Six of the Deadliest Proxy Wars of the Cold War

Six of the Deadliest Proxy Wars of the Cold War

By Stephanie Schoppert
Six of the Deadliest Proxy Wars of the Cold War

The Cold War is so named because there was no large scale fighting between the two sides and the two sides never declared war on each other…despite the obvious tension between the United States and the Soviet Union. But just because the United States and the Soviet Union did not directly go to war on their own soil, that does not mean that the two sides never fought.

The Cold War is now known for a number of proxy wars in which both the Soviet Union and the United States would support one side or the other in conflicts around the world. The goal of the United States was to stop the spread of communism while the Soviet Union wanted to spread communism in order to increase their own sphere of influence. Throughout the more than 4 decades of the Cold War there were numerous proxy wars, some of which continue to this day and all of which have lasting repercussions.

Congo Crisis

The Congo Crisis began when Belgian Congo became independent. Patrice Lumumba of the Mouvement National Congolas was elected Prime Minister and then Parliament chose Joseph Kasa-Vubu of the rival party Alliance des Bakongo as President. When Belgium granted the Republic of the Congo independence in 1960 they hoped that the Belgians within the country would keep their positions and maintain some control. However, the black members of the army mutinied when the white commander Emile Janssens told them that nothing would change. Instead of supporting Janssens’ attempts to maintain order and deploy Belgian troops, Lumumba promoted all the black men of the army and removed Janssens. Joseph-Desire Mobutu was made army chief of staff, but still the mutiny only intensified. White civilians were attacked and eventually Belgium sent in troops to protect fleeing civilians, an act that Lumumba found to be against his sovereignty.

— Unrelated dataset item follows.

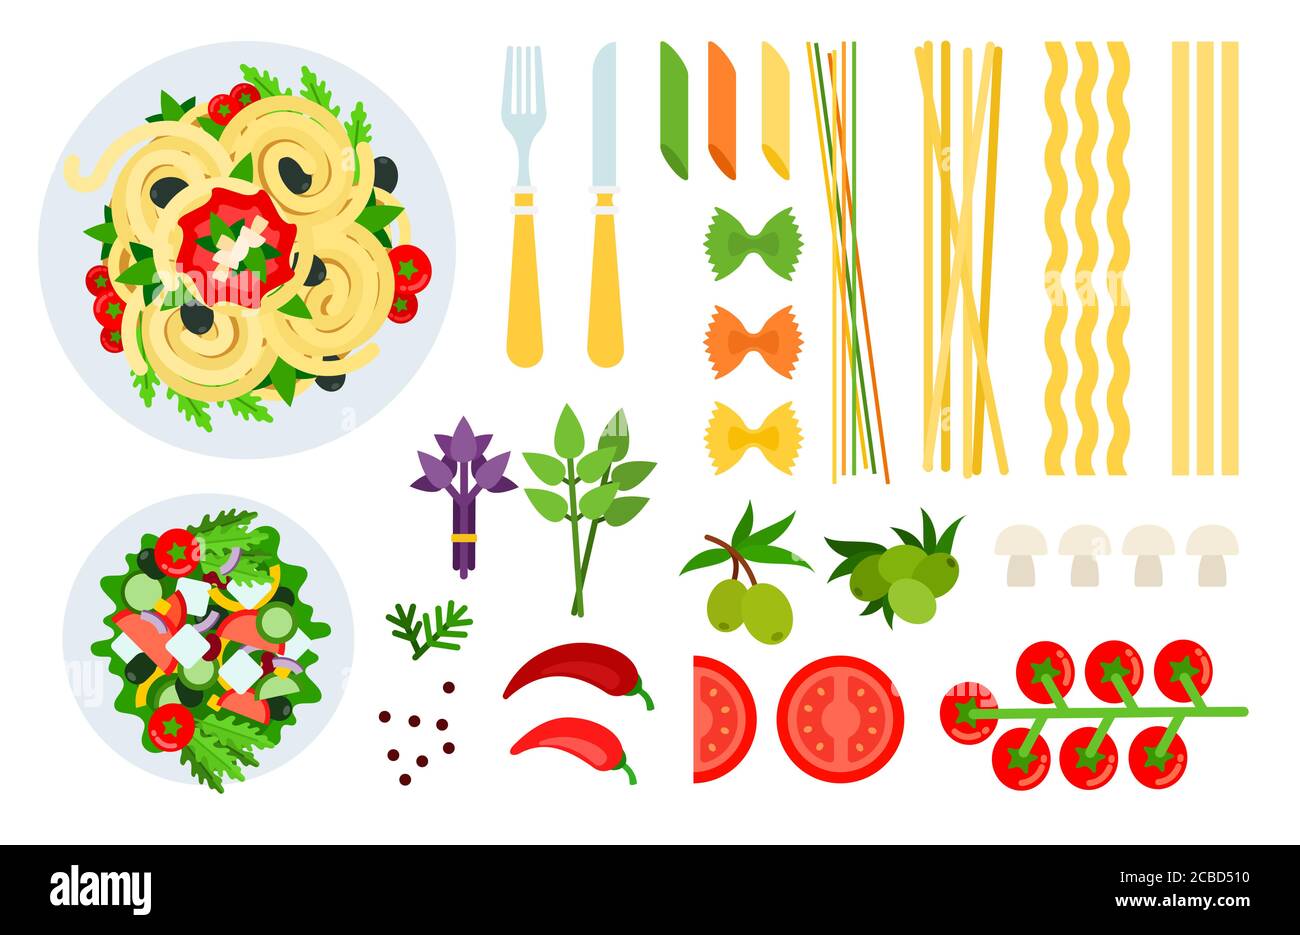 Spaghetti italiani, insalata e ingredienti illustrazione vettoriale in un disegno piatto. Illustrazione Vettoriale

To maintain order Lumumba went to the UN who did deploy troops but they would not intervene when two states succeeded from the Congo. Lumumba asked the UN forces to help get the secessionist states under control. When they refused, he approached the U.S. who also refused because they believed that Lumumba had communist leanings. With nowhere else to turn Lumumba went to the Soviet Union, a move which Joseph Kasa-Vubu believed was an act of treason and ordered Lumumba’s arrest. Meanwhile the U.S., seeing the involvement of the Soviet Union believed that the country was in the midst of a communist takeover. They decided to support Mobutu in a coup attempt. The first attempt failed and the country devolved into five years of instability. Lumumba was executed, political riots occurred regularly with groups supporting different political parties and angry that their elected leader had been assassinated. In 1965, Mobutu attempted a second coup and this time he successfully took power. Within a year, he had established a brutal dictatorship that lasted until 1997. An estimated 100,000 lives were lost in the crisis and many more during the reign of Mobutu.